Results and discussion

Control simulation

To validate the newly developed lightning model, we first checked the temporal evolution of maximum wind velocity, the vertical distribution of hydrometeors, and the charge density over the height (z)–radius (R) plane.

Figure 3 shows the time series of the maximum wind velocity at the height of 1 km for the simulation without the lightning model (up to 192 h). The maximum wind velocity remained at about 25 m s−1 until 60 h from the initial time of the simulation. It began to increase after 70 h, then rapidly increased from time of 70 to 100 h (called rapid intensification; RI). After the RI, the maximum velocity gradually increased and reached steady state (after time of 160 h). This temporal evolution was similar to that simulated by previous studies (Miyamoto and Takemi 2013), except that the maximum velocity at steady state was about 10 m s−1 weaker than that of the previous study. This weak velocity originated from the coarser grid spacing of this study (5 km) compared with that of the previous studies (2 km). Even though the maximum wind was weak, the basic characteristics of the TC lifecycle were reasonably reproduced.

Fig. 3
figure 3

Temporal evolution of maximum wind velocity at z = 1 km

The vertical structure of hydrometeors over the zR plane, averaged during the last 12 h of the simulation, is shown in Fig. 4a. Eyewall clouds, which are mainly composed of graupel, snow, ice, and liquid water (i.e., cloud droplets and raindrops), are clearly seen within R smaller than 60 km and lower than 14 km. Above the height of 14 km, ice particles and snowflakes extend to the outer region (R > 60 km) as anvil cloud. These characteristics are typically seen in the simulation of TCs (e.g., Franklin et al. 2005). The large mixing ratio of hydrometeors (qhyd: sum of the mixing ratio of the five categories, i.e., cloud, rain, ice, snow, and graupel) below 6 km, where the temperature was warmer than 0 °C, indicates that warm rain processes, which do not include frozen hydrometeors, are dominant in eyewall clouds, as reported by a previous study of a TC (Fierro and Mansell 2017). These results demonstrate that SCALE successfully reproduced the TC simulated by previous studies.

Fig. 4
figure 4

Number concentration of a sum of cloud water and rain water (black solid contour line), sum of ice and snow (orange contour line), graupel (black dot-dashed contour line), and total hydrometeor qhyd (shaded area); and b charge density of graupel (green contour line), sum of ice and snow (orange line), and cloud and rain (black contour line), and the total charge density over the zR plane (shaded area). The variables were tangentially averaged during the last 12 h of the simulation. Solid and dash-dotted contours in b show positive and negative charge densities, respectively, and contour lines in a and b show 0.05, 1, 3, and 5 g kg−1 and 0.01, 0.1, and 0.3 nC m−3, respectively. The dotted line in b indicates temperature (°C)

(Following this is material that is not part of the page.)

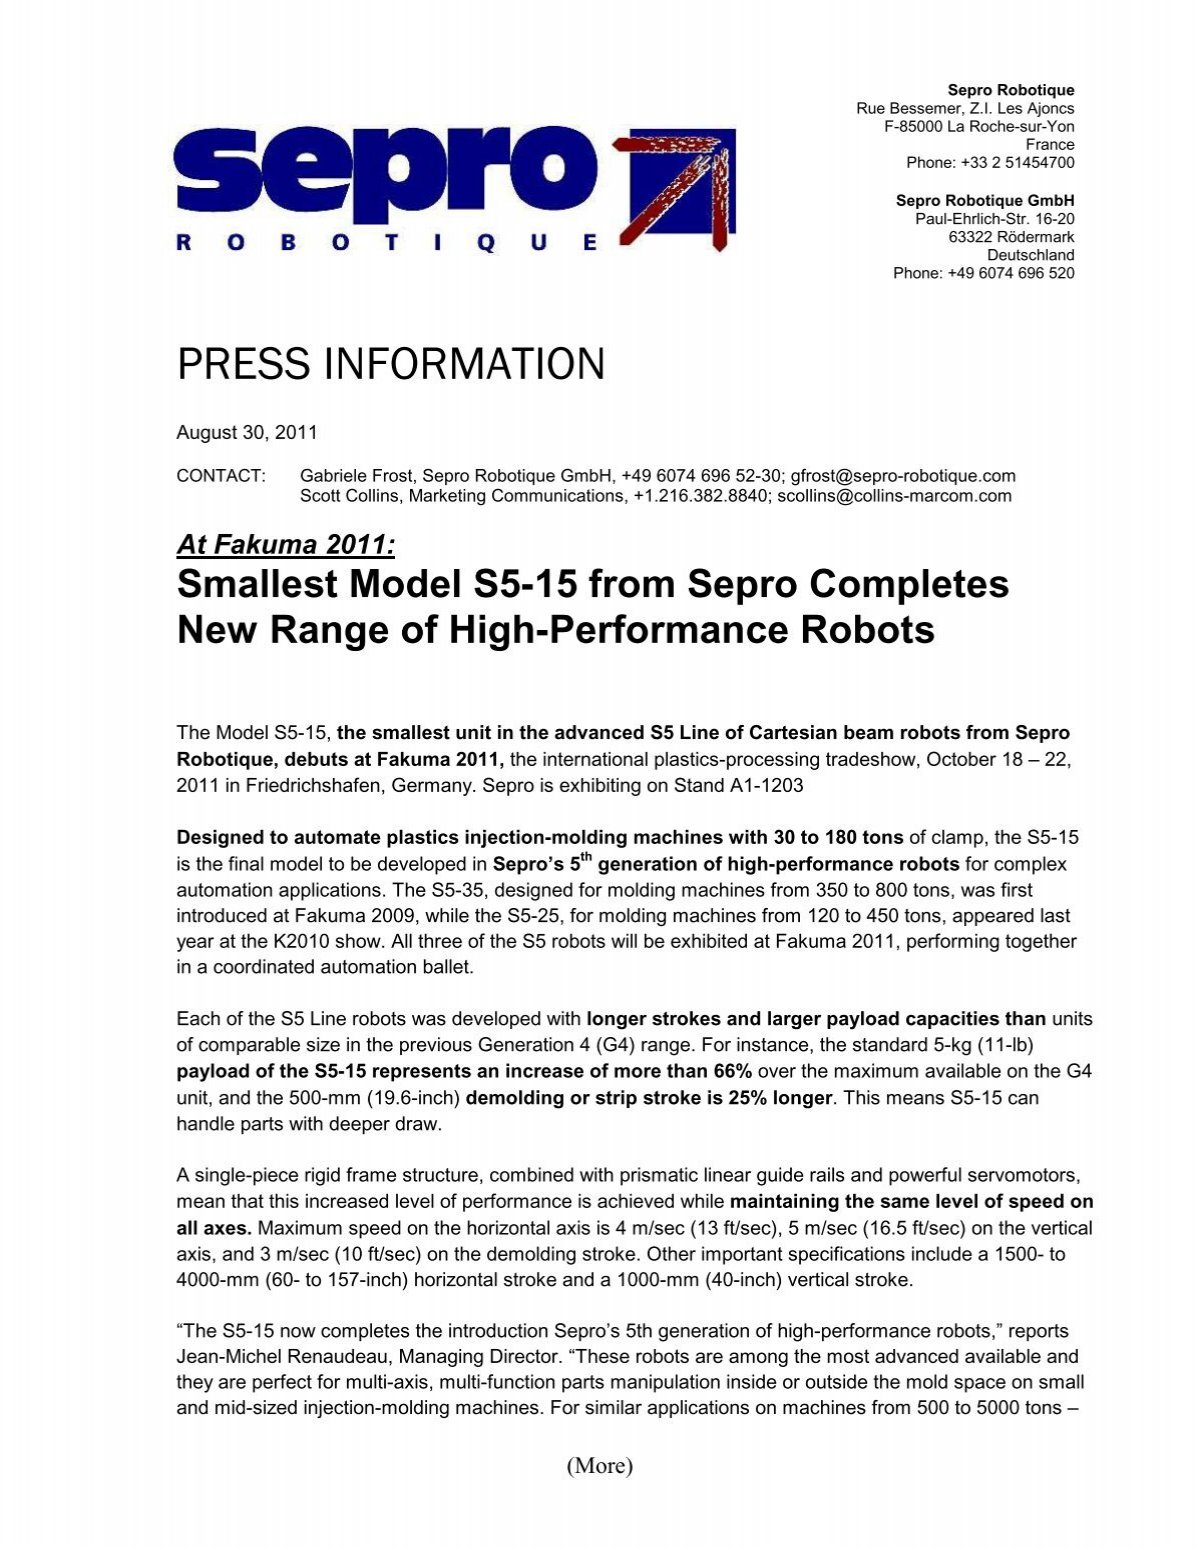 Smallest Model S5-15 from Completes Range High ...

The vertical distribution of the charge density is shown in Fig. 4b. Near the center of the TC (R < 50 km), the charge density varied from positive to negative to positive from the model bottom to top, which is quantitatively consistent with the reports of observational studies (e.g., Jacobson and Krider 1976; Krehbiel et al. 1979; Brook et al. 1982) and modeling studies targeting isolated convective clouds (MacGorman et al. 2001), squall line systems (Mansell et al. 2005; Mansell and Ziegler 2013), and TC (Fierro et al. 2007; Fierro et al. 2013). Thus, the structure of the charge density in TCs was reasonably reproduced by the lightning model implemented in SCALE.

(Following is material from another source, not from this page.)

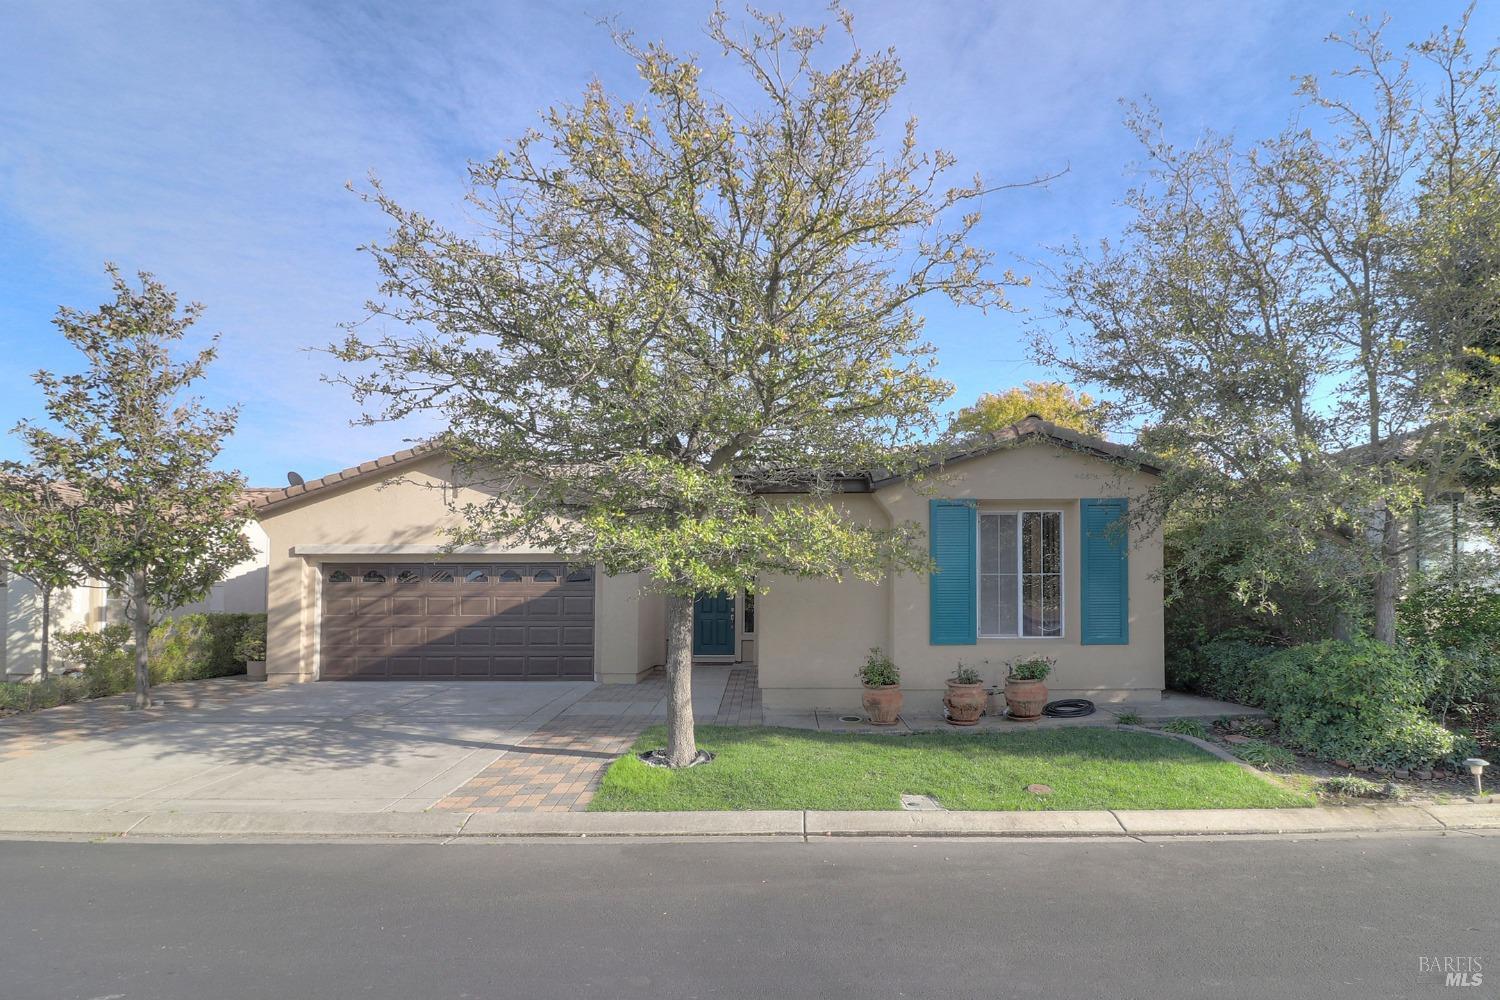 Photo of 303 Southern Hills Dr in Rio Vista, CA

The negative charge density between the height of 7 and 12 km is mainly composed of negatively charged graupel and snow/ice (dash-dotted green and orange lines, respectively, in Fig. 4b). The positive charge density within the height above12 km originates from positively charged ice and snow particles (solid orange line in Fig. 4b). The positive charge density within the height below 7 km is composed of positively charged graupel and raindrops obtained from melting graupel (solid green and black lines in Fig. 4b).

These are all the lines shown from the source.